Data-centric ML

Deep-dive code on GitHub →

A claim that is mostly true and not stated loudly enough in the main spine: most of the recent capability gains in deep learning are gains in the data, not gains in the architecture or the optimizer. Transformers from 2017 are still mostly transformers in 2026, with refinements but not revolutions. What changed underneath the field’s leaderboard was the data, its quantity, its quality, its curation, its mixture, and the cleverness with which models were trained on synthetic and human-augmented variants of it.

This chapter is a launching point for the field that takes data as the primary object of study.

Why “data-centric” is a real reframing

The shorthand: in classical ML research, you fix the dataset and vary the model. In data-centric ML, you fix the model architecture and vary the data, exploring how mixture composition, curation, deduplication, ordering, and augmentation change what the model becomes. Once you take this view seriously, a lot of the usual narrative gets revised.

A few examples of how the data-centric framing reads the recent record:

“Reasoning” capability is reasoning data. The recent boost in chain-of-thought-style reasoning from RL-on-verifiable-rewards is, at the end of the day, training on rollouts of successful reasoning. The model is not learning to reason from first principles; it is being shown a lot of examples of reasoning that worked and absorbing the surface form. (Whether that constitutes “real” reasoning is a different question, and a fair amount of the controversy in the field is downstream of how you answer it. See Chapter 6 on what RL post-training actually teaches.)
Many strong base models are strong because of their data. Pretraining corpora are not commodities. Two labs with the same architecture and similar compute will produce noticeably different base models because their data pipelines, deduplication strategies, and quality filters were different. The architecture is mostly settled; the data pipeline is the moat.
Specialized capabilities track specialized data. As a concrete example: code models, including Claude Code, which you may be using to read this book, are strong at programming tasks largely because their post-training pipeline includes large volumes of high-quality coding demonstrations and feedback from expert engineers. The model is “good at code” because someone curated a lot of good code data and trained on it carefully.

The deeper consequence: scaling laws are all conditional on the data distribution. Kaplan and Chinchilla scaling [1], [2] derive an empirical relationship between compute, parameters, and loss, for a given data distribution. Change the data and you can shift the curves; the relationship is not a law of nature about networks, it is a law of nature about networks + a specific dataset.

What the field actually studies

A short and incomplete map of what people in the data-centric corner of the field work on:

Deduplication and quality filtering. Repetition destabilizes training; low-quality content wastes capacity. Both have become careful disciplines.
Mixture design. How much code, how much math, how much general web text, how much instruction-following data, and how these proportions interact with downstream capability.
Synthetic data and data augmentation. Using models to generate training data for other models. Closely tied to the model collapse phenomenon from Chapter 8, the limits and traps are real.
Active and curriculum data selection. Choosing which examples to train on, in what order. Easy in principle, surprisingly subtle at scale.
Evaluation of data, not just models. Methods to measure the “value” of a corpus or a data-pipeline change before paying for a full training run.
Provenance and rights. A field-shaping social/legal layer that gets less discussion in research papers than in courts. Mentioned here for honesty.

Where this field is, culturally

Data-centric ML is the part of the field where the public-academic literature lags the most behind frontier practice.
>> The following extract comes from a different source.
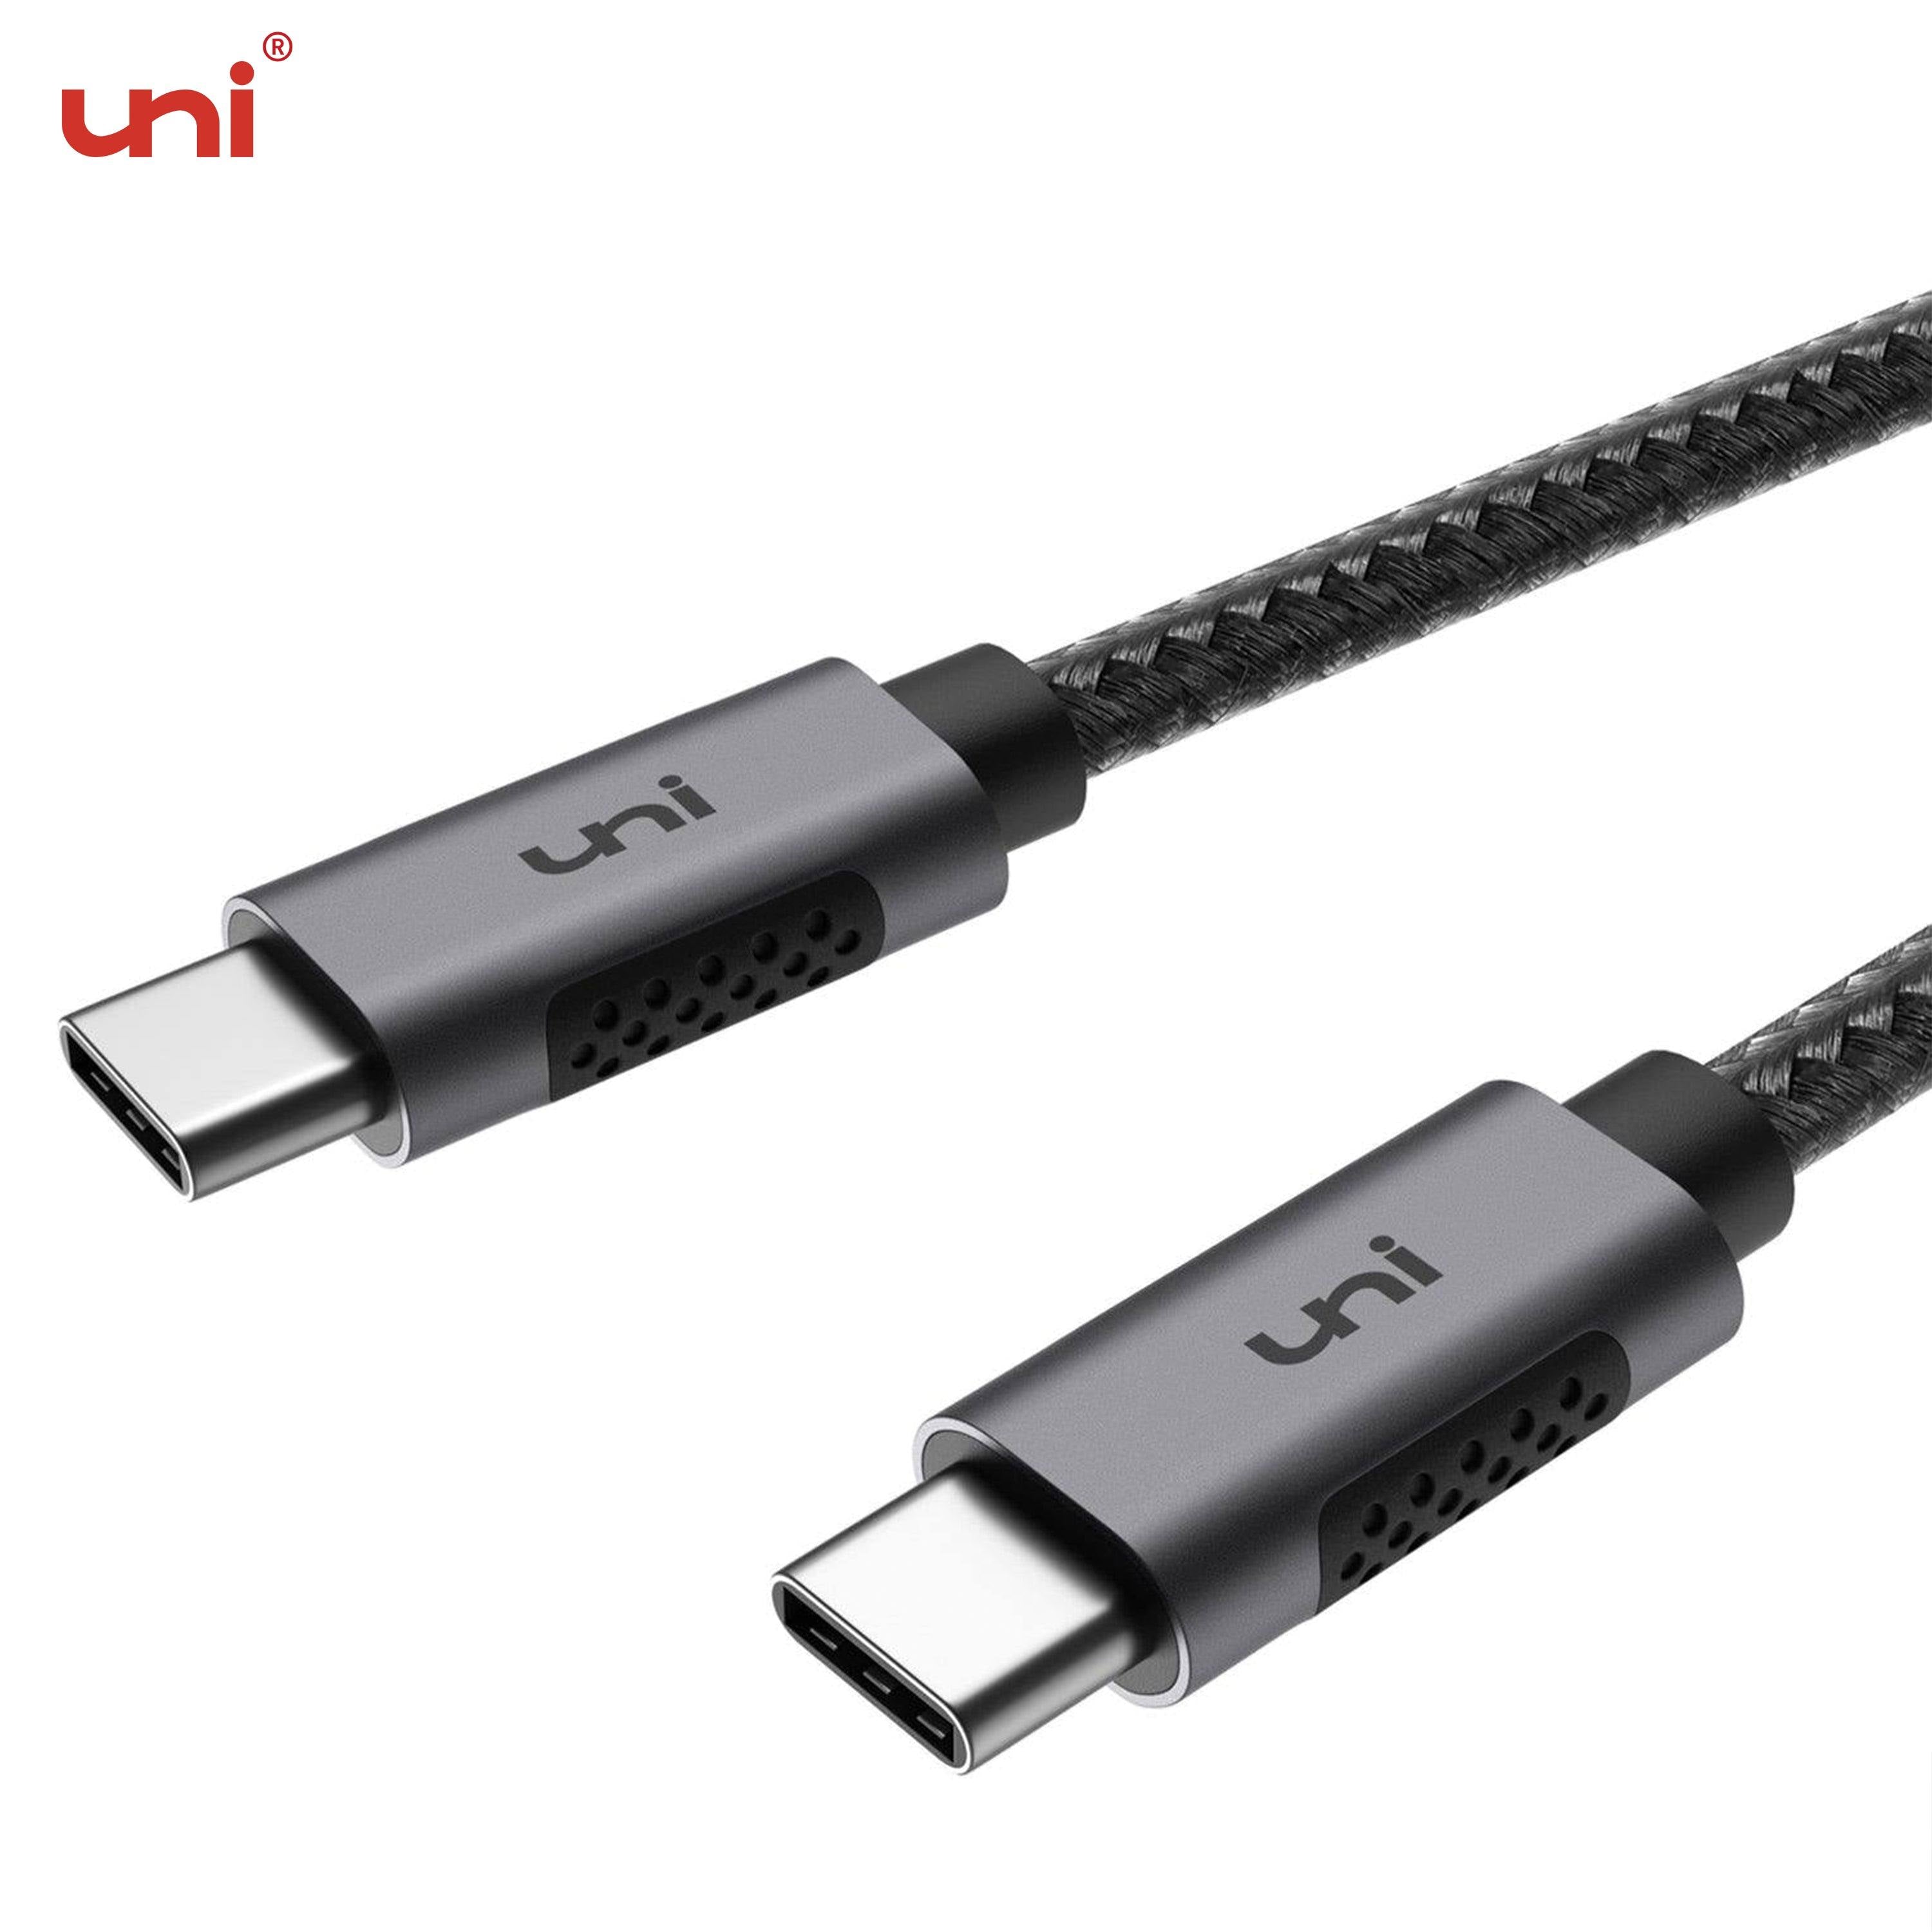 uni® C Fast Charging Cable, 100W 5A Cable, Extra Durable

Frontier labs guard their data pipelines as closely as their architectures, and sometimes more closely, for both competitive and legal reasons. The published research is real and growing, but the practice at the frontier is mostly invisible.

Where to go next

The legible entry points:

Papers and blog posts on specific data-pipeline interventions (deduplication, quality filtering, mixture design).
Open data initiatives (FineWeb, RefinedWeb, the open code corpora), their documentation is a curriculum on what data work looks like.
The model-collapse literature, which is one of the clearest examples of the data-centric mode of thinking.
Frontier-lab technical reports, their data sections are usually heavily redacted, but the redactions themselves are informative.

If you finished the main spine with the impression that the scientific question of deep learning is about networks, this chapter is a counterweight: a serious fraction of the scientific question is about the data networks are trained on.